Despite the obstacles in my way I was at the end of the day very pleased with what I’d done so once I’d reached the stage of letting all the ‘Sikaflex’ that I’d used to hide my abysmal welding dry I turned my attention to our sheep! At least one of our sheep was not passing the hard round currants that normally pass for pooh and one of them (probably the same one) had a bit of a runny nose. The shepherdess had noticed this a couple of days ago and we’d decided to bring our drenching for worms and liver fluke forward  a few weeks. Now for any would be smallholders thinking of going into sheep and being like us tempted by the ‘low maintenance’ Soay sheep, please read this

Don’t get me wrong, as far as sheep go they are lovely and their immunity to foot rot and self casting fleece does make them an attractive proposition but they are not for the novice being more like small deer than sheep. They don’t have the herding instintinct of ‘normal’ sheep so just scatter at the sight of a dog and they can jump clean over a standard fence or 10 year old boy! With this in mind we had prepared an area between two deer fences and started feeding them in it a couple of days ago and the sheperdess had trapped them in there at dinner time.

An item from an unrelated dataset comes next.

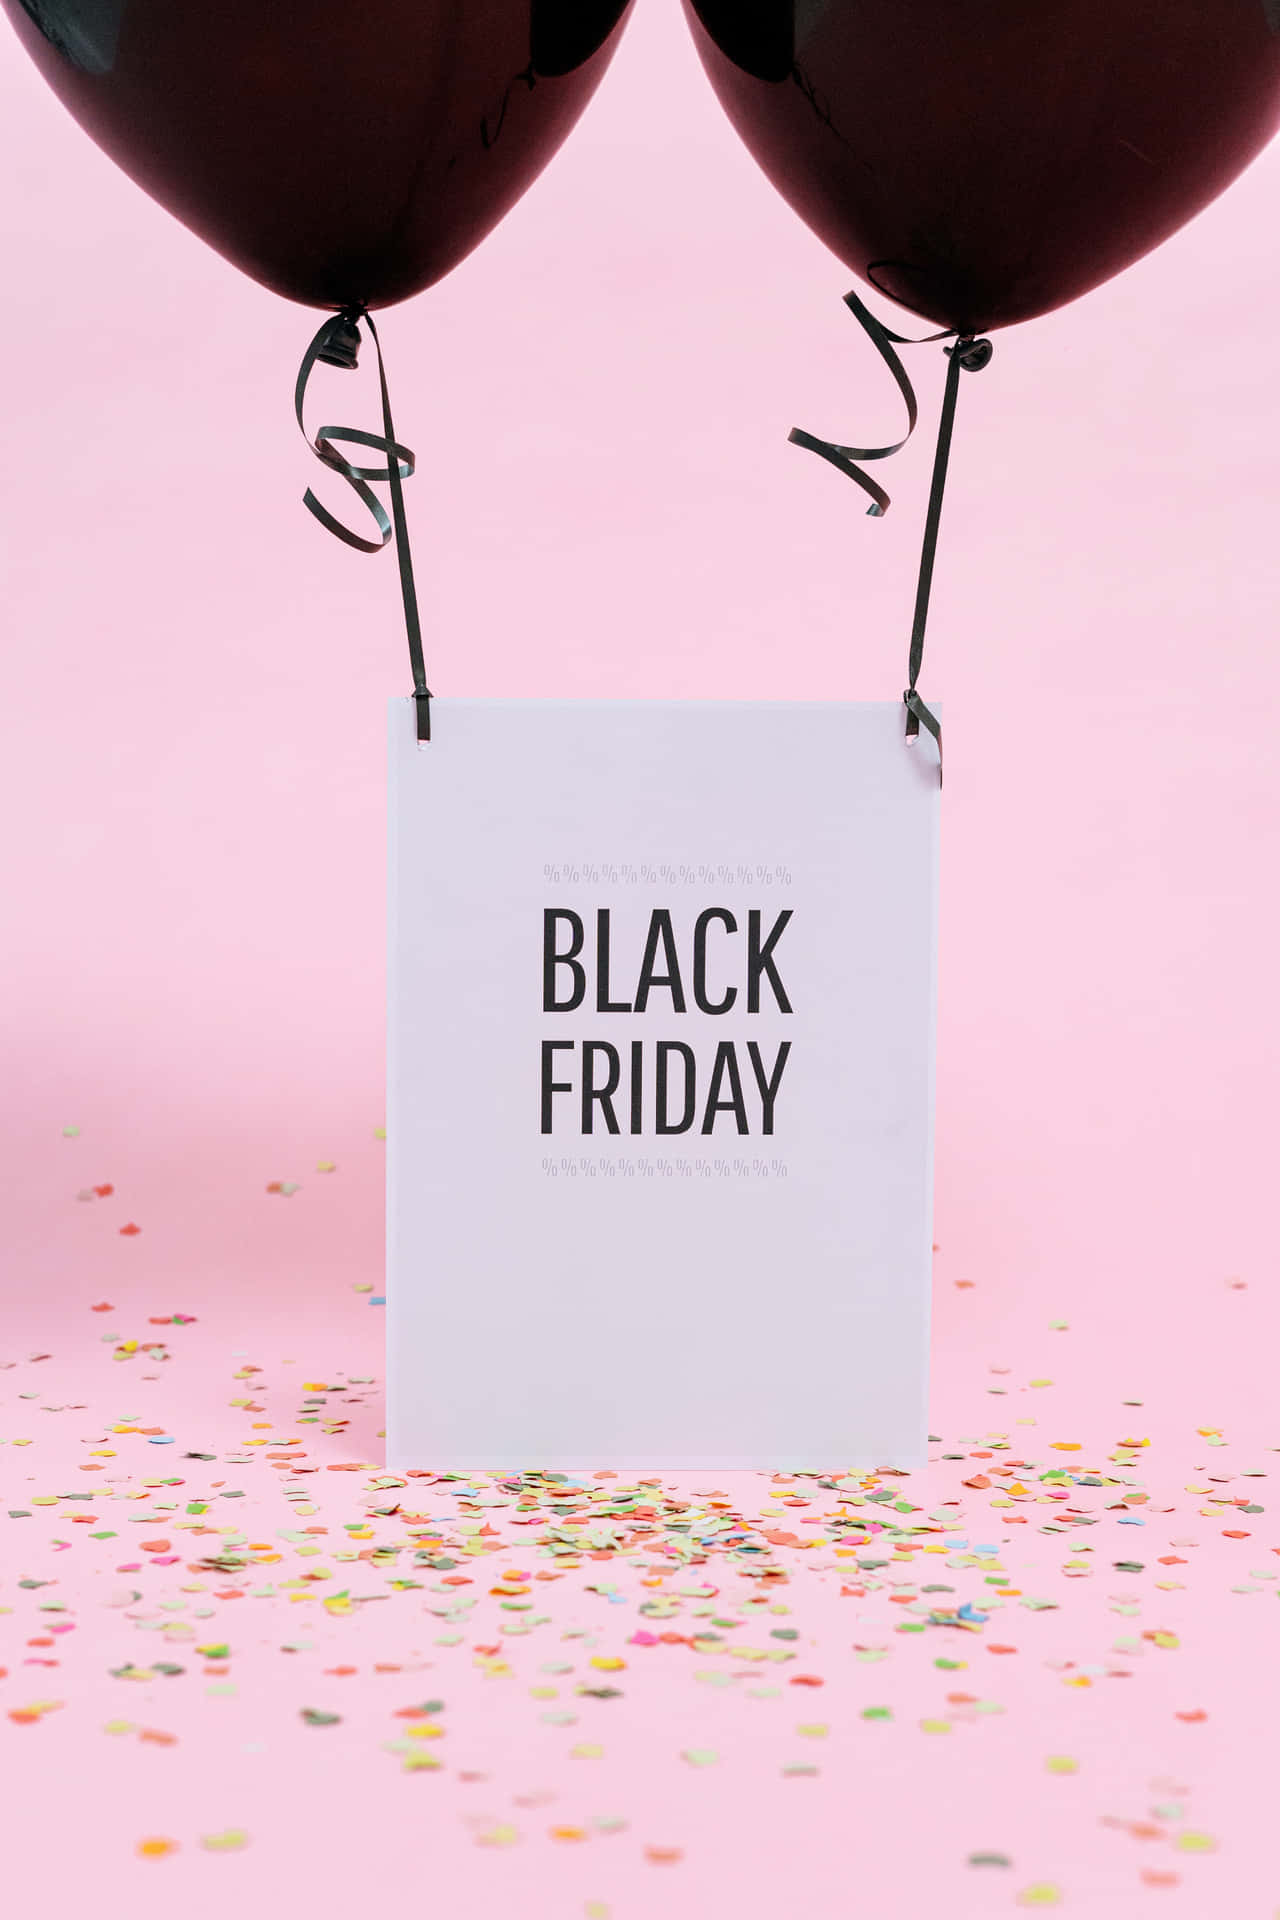 Black Friday Balloons With Confetti On Pink Background Background

We were also fortunate to have a young expert on hand in the form of my boys pal who was staying with us for the weekend. He kindly cleaned out and freed up the old drenching gun we’d been given then proceeded to administer the 6ml of combined fluke and wormer required for our lightweight sheep.


Despite my constant whinning (mailny to myself) I was well pleased with how the day had panned out and by around 17:30 there where at last enough patches of blue in the sky to make a pair of sailors trousers. I was just about to settle down to a much needed dinner of pork cooked in breadcrumbs when there was a knock at the door. It was 3 stormbound canoesits who were stuck at Kyle Rona with the weather, in need of a decent forecast for tomorrow. I’ve lost track of the number of kayakers that I’ve rescued or helped over the years, most of them are well prepared and on the whole caught out by poor forecasting rather than poor preparation and these three guys seemed to know where they were at. Unlike the first ones that turned up on my doorstep almost 20 years ago who did not even know where they where! I duly fired up my laptop and obliged before they headed south with another friend in her car to get a shower and bed for the night at the Youth Hostel.And that was about it really, it’s now almost 5:00am and our 21st century cockeral has been up for half an hour. Our Buff Orpington X Blackrock male hen

truly is a modern man, wifey caught him sat on some eggs the other day!